Remark: "locally free" means that the $\mathcal{O}_Y$-module $f_* \mathcal{O}_X$ is locally free

The author claims that $f$ is (as topol map) closed and open.

Why?

My ideas:

Firstly, regarding closeness it suffice to show that $f$ is proper. The high tech weapon would be the valuative criterion for properness conbining with the fact that finite maps are integral and for integral ring maps $R \to A$ the going up works.

Is there exist a more "elementary" argument without valuative criterion for "finite implies proper"?

Secondly the author claims that the map is also open by local freeness of $f_* \mathcal{O}_X$. This sould imply that $f_* \mathcal{O}_X$ has non zero stalks.

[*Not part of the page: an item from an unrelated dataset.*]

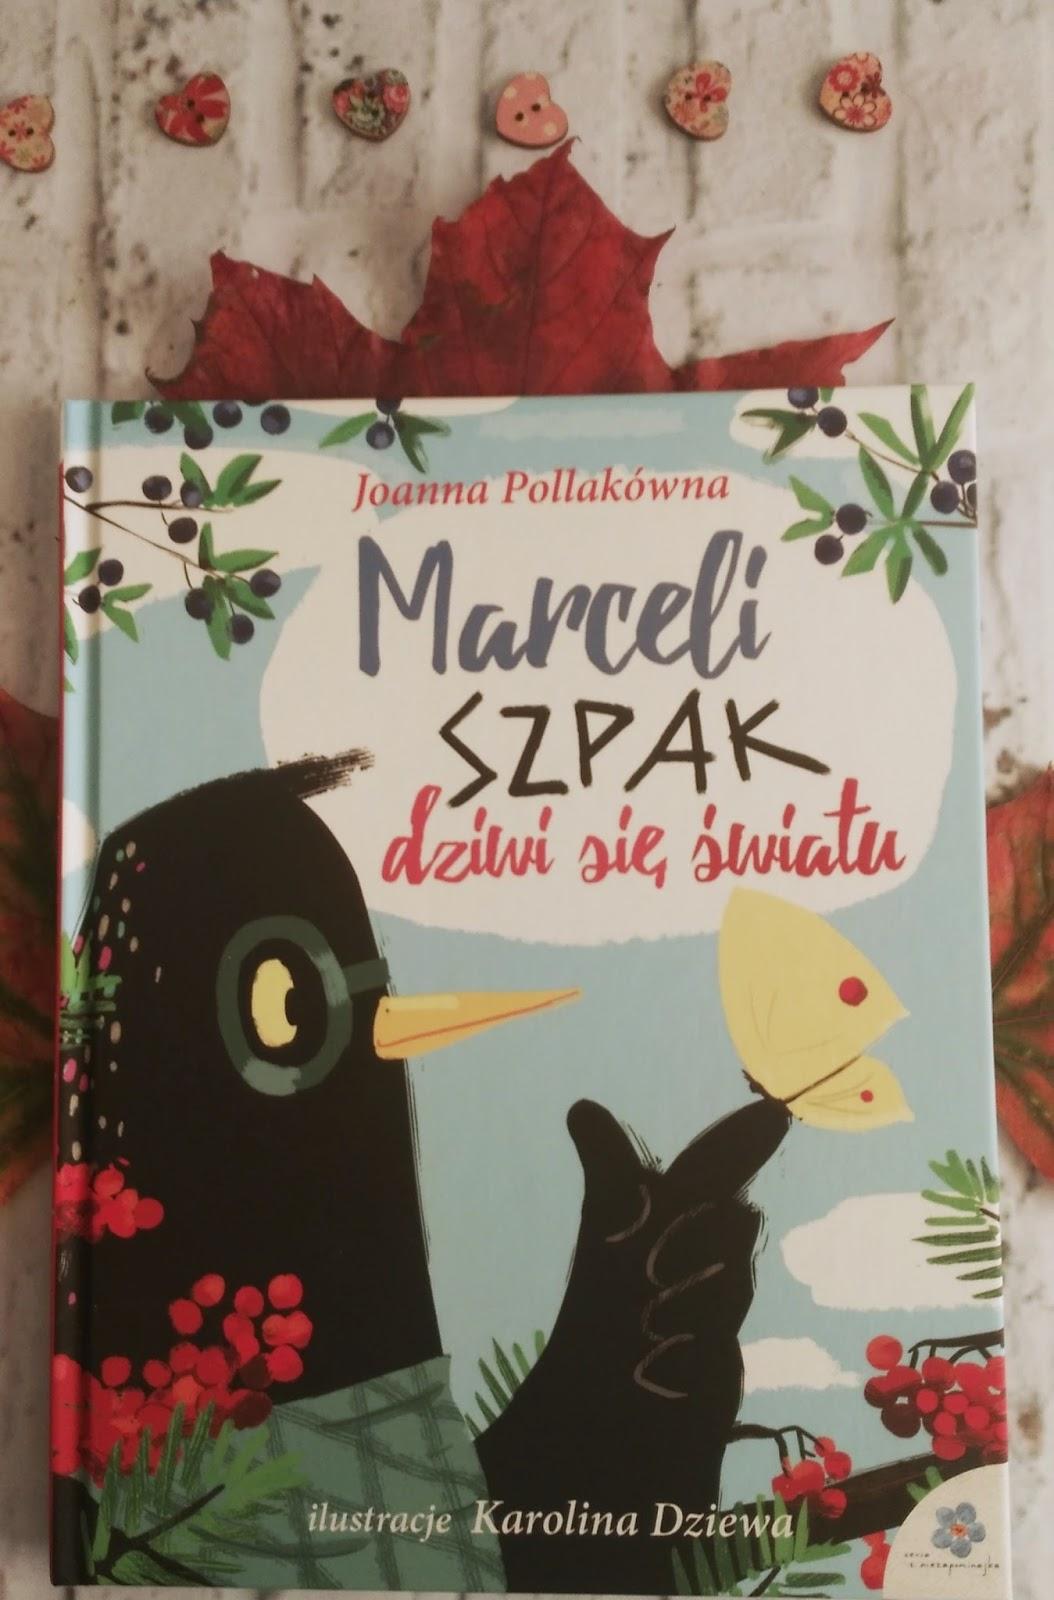 Marceli Szpak dziwi się światu, Joanna Pollakówna - recenzja

Why does this imply the openness?

UPDATE: Thanks to Alex Youcis' great answer below meanwhile several questions were solved. To only problem I'm still faced is Szamuely's argument that local freeness of $f_* \mathcal{O}_X$ implies that the image $f(X)$ is open. One way - as Alex stated - is to use the fact that locally free imply flat and then argue that flat and finite presentation implies open. That's fine.

But from the didactical point of view I'm still interested in Szamuely's argument concretely: he makes the to observation that for all $y \in Y$ the stalk $(f_*\mathcal{O}_X)_y \cong \mathcal{O}^n_{Y,y}$ isn't zero. How does this already imply that the map $f$ is open?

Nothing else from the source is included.